[Records drawn from a dataset]
- - -

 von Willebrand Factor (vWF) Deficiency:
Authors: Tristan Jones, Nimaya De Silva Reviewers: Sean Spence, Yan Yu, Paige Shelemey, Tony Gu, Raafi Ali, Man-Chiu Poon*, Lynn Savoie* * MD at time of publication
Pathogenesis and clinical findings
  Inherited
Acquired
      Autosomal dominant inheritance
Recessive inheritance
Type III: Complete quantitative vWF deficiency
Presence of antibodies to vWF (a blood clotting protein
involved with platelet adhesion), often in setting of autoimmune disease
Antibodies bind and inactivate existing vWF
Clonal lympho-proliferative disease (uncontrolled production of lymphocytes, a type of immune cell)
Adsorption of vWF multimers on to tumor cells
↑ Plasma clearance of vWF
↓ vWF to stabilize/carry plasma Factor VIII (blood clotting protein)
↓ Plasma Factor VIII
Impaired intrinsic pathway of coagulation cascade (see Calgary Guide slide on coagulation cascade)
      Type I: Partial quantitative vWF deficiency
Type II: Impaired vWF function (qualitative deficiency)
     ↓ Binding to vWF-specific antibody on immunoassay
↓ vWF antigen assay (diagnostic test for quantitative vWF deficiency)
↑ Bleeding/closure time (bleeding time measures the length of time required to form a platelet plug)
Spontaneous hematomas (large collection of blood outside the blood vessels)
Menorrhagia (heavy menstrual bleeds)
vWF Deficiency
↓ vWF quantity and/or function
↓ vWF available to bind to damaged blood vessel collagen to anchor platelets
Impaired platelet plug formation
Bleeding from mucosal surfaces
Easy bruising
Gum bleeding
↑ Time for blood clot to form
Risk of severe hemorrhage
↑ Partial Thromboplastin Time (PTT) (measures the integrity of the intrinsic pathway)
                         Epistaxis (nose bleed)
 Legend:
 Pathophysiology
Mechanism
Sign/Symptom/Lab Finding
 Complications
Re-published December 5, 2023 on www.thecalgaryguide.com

- - -

#### What needs to be done:
After locating the line with "Gum bleeding" in the records above, please set down that line and all later ones exactly, and no other line.

#### Exercise result:
Gum bleeding
↑ Time for blood clot to form
Risk of severe hemorrhage
↑ Partial Thromboplastin Time (PTT) (measures the integrity of the intrinsic pathway)
                         Epistaxis (nose bleed)
 Legend:
 Pathophysiology
Mechanism
Sign/Symptom/Lab Finding
 Complications
Re-published December 5, 2023 on www.thecalgaryguide.com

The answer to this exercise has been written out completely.